I'm making a compiler for a C-like language that has to support #include directive (only in the beginning of the file)

A simple but inelegant approach would be to create a subprogram that finds every occurrence of the directive, and substitutes with the corresponding file in a new temporary file.

Now that is not nice at all. So i tried the following:

lexer = parse
    | "#include \""   ( [^'"' '\n']* as filename) '"'
    { lexer (Lexing.from_channel (open_in filename)) ; lexer lexbuf }

the idea was the following: whenever you find an include, open a new channel using the given filename, and call recursively the "lexer" rule on that channel. After that, continue with the current state of your lexing-buffer and continue the lexing.

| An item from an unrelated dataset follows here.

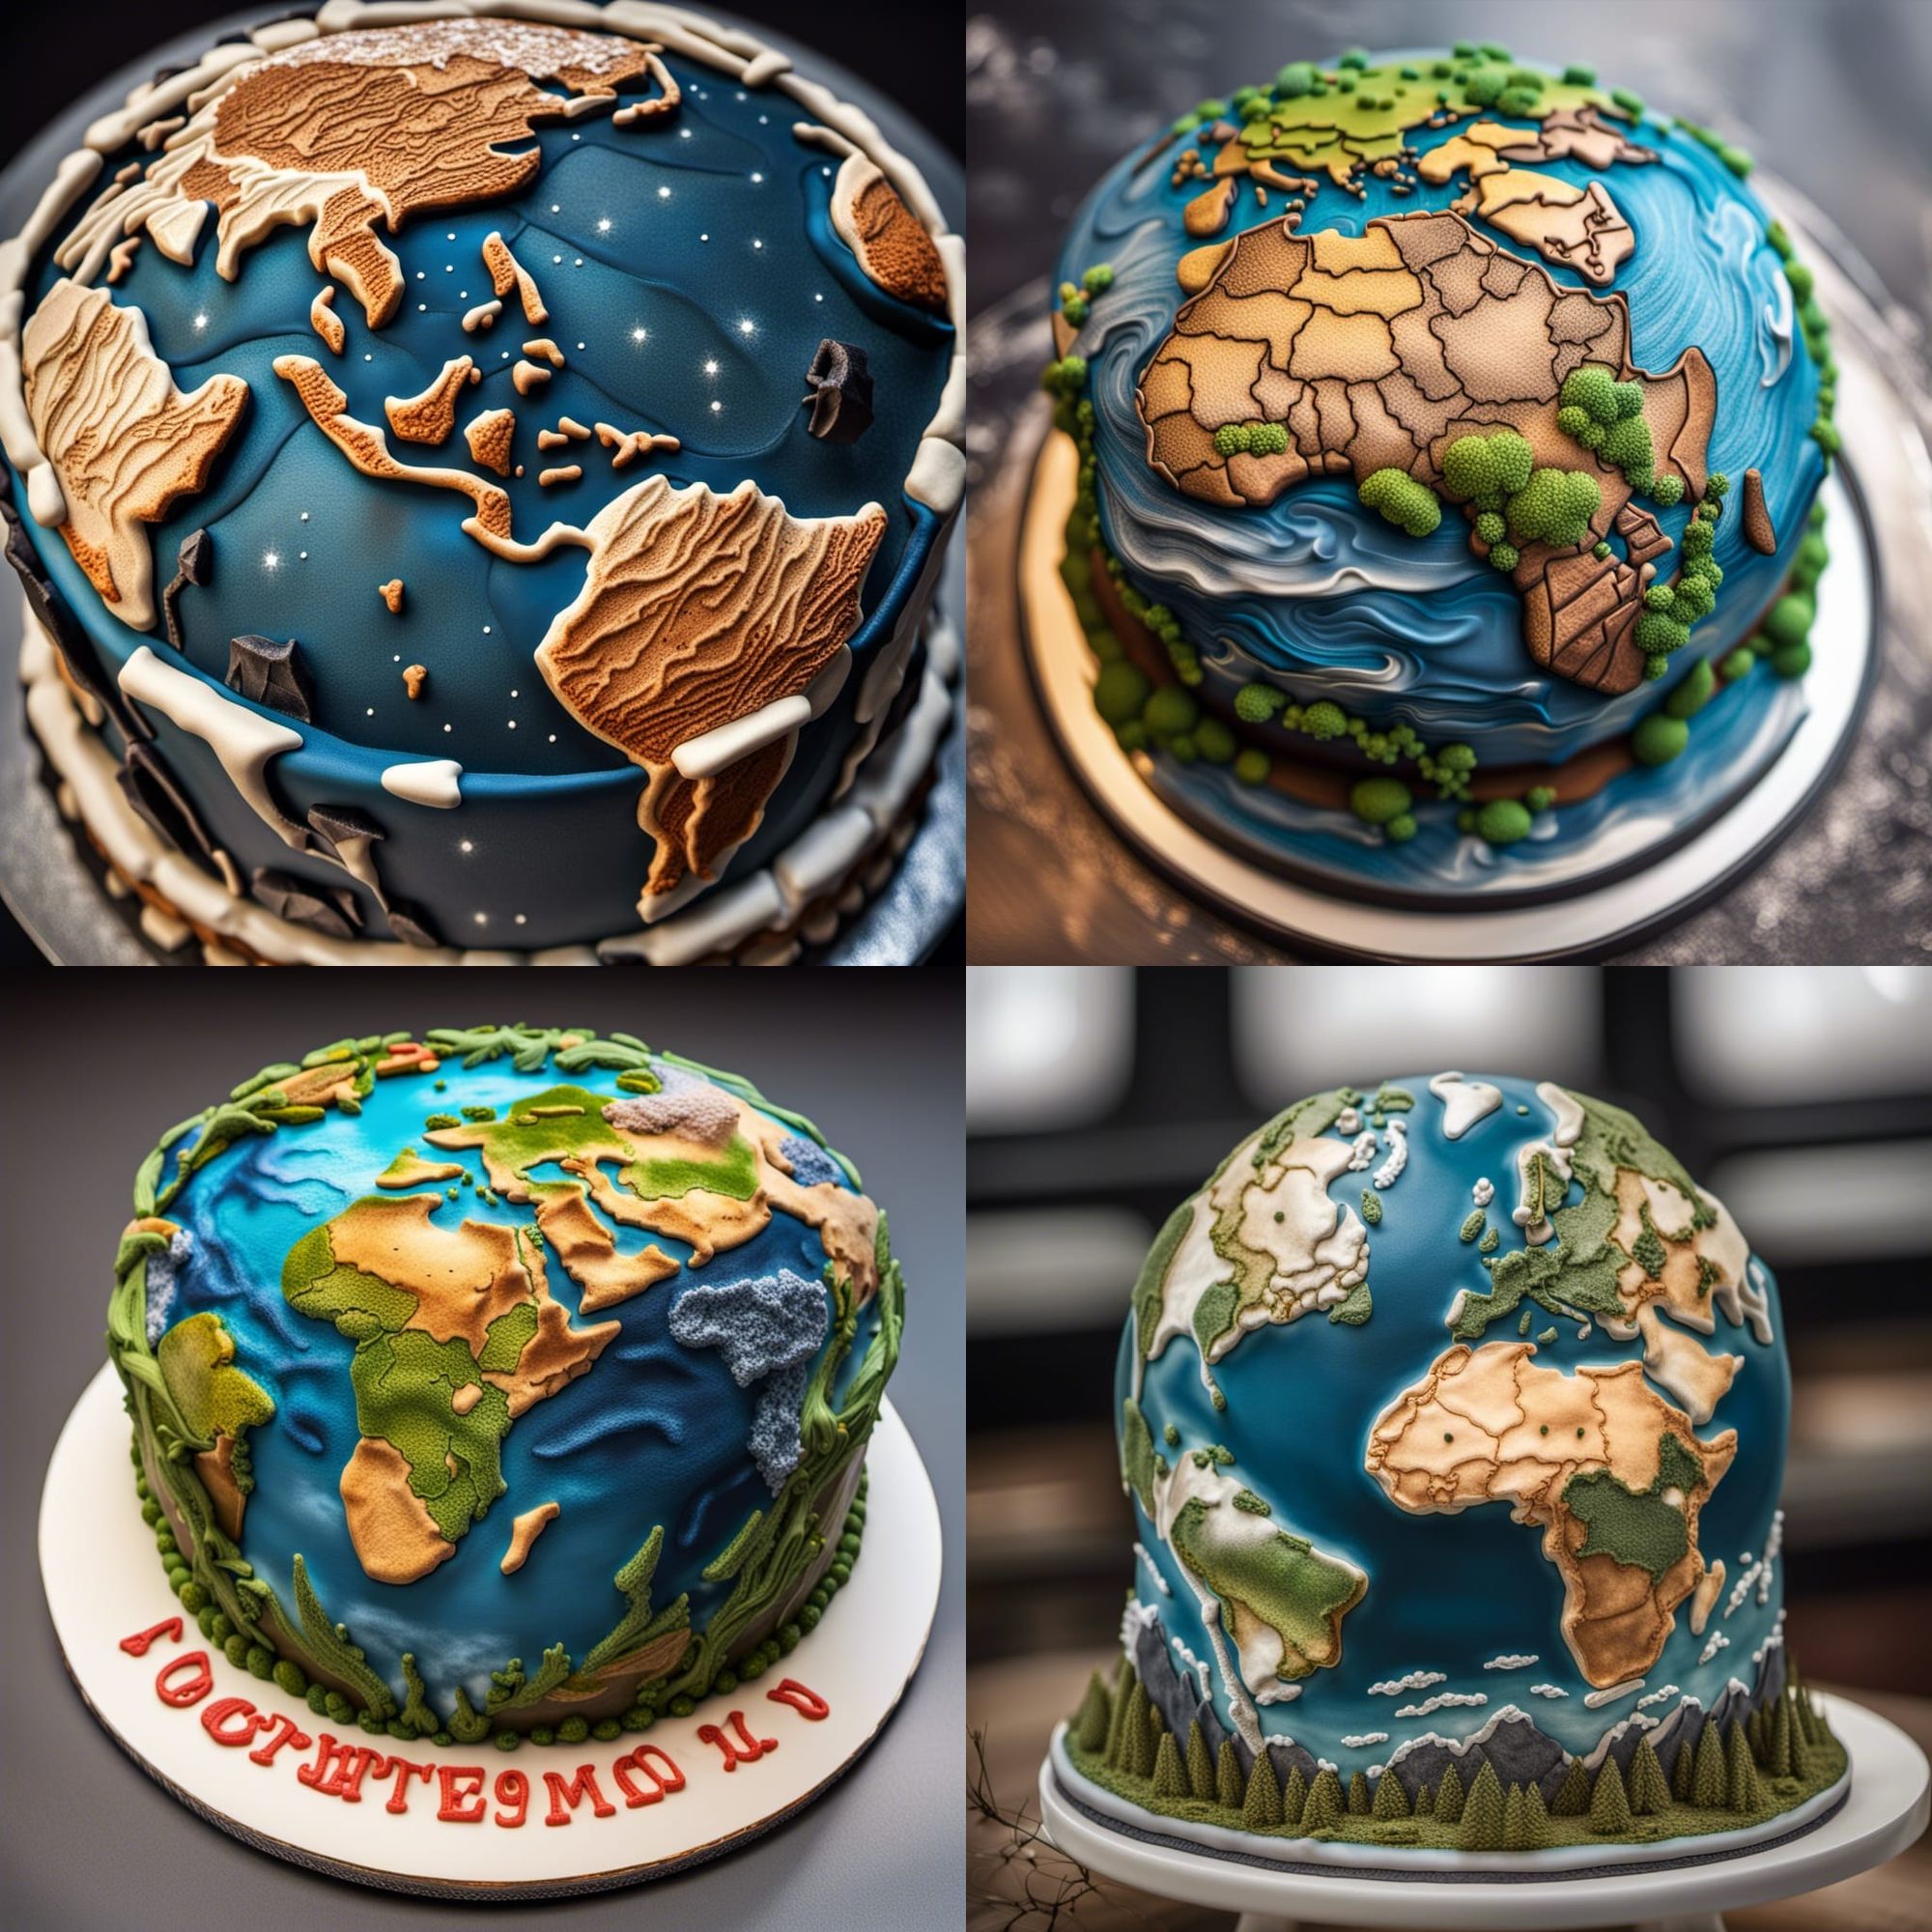 Best Earth Day Birthday Cakes | Edible East Bay
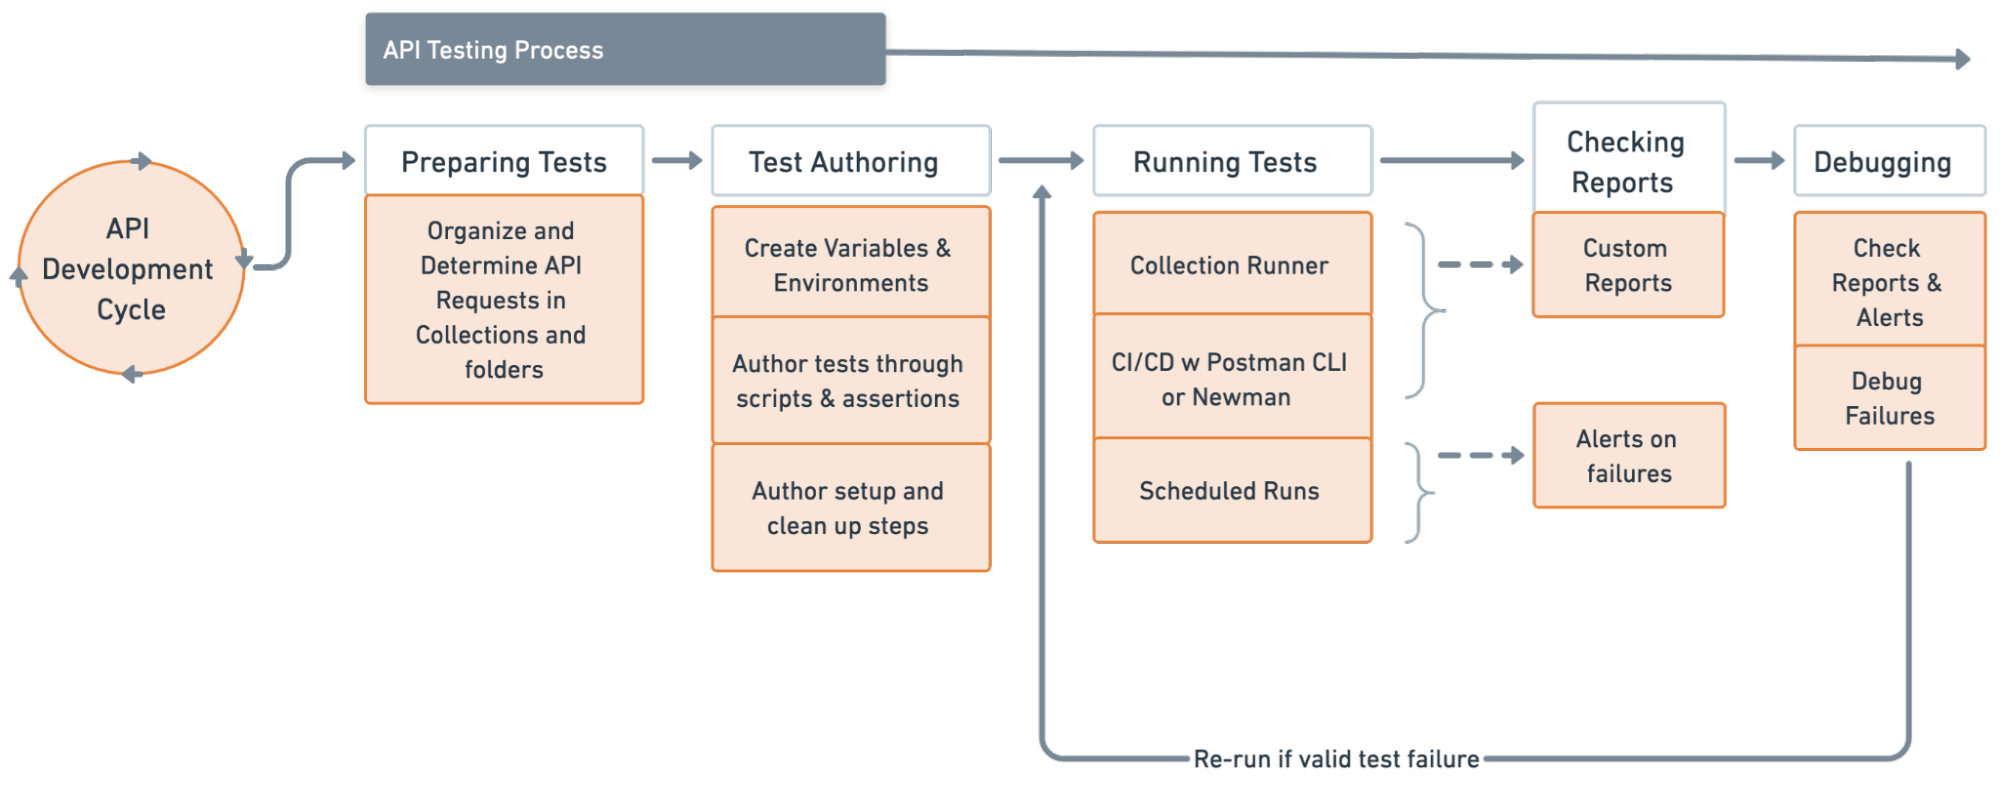 Detailed user journey for test automation with Postman.

The problem is, it never worked.

i have also seen that it's possible to make a refiller when the buffer lexbuf has reached eof. But i failed to find more info. That gave me an idea of changing the above code to the following:

lexer = parse
    | "#include \""   ( [^'"' '\n']* as filename) '"'
    { addCurrentLexBufToAStack lexbuf ;lexer (Lexing.from_channel    (open_in filename)); }

and in the refiller, you would continue from the head of the stack

but seems very ambitious to work.

Any ideas?

P.s. The lexer (and parsing too) is called from another module (let's call it Main.ml)

Upvotes: 1

Views: 598

Answers (1)

Lhooq
Lhooq

Reputation: 4441

Well, aren't you a bit confused about lexing and parsing ?

What I see is that :

If my lexeme is #include ident I want to parse what's in the file pointed by ident and add it.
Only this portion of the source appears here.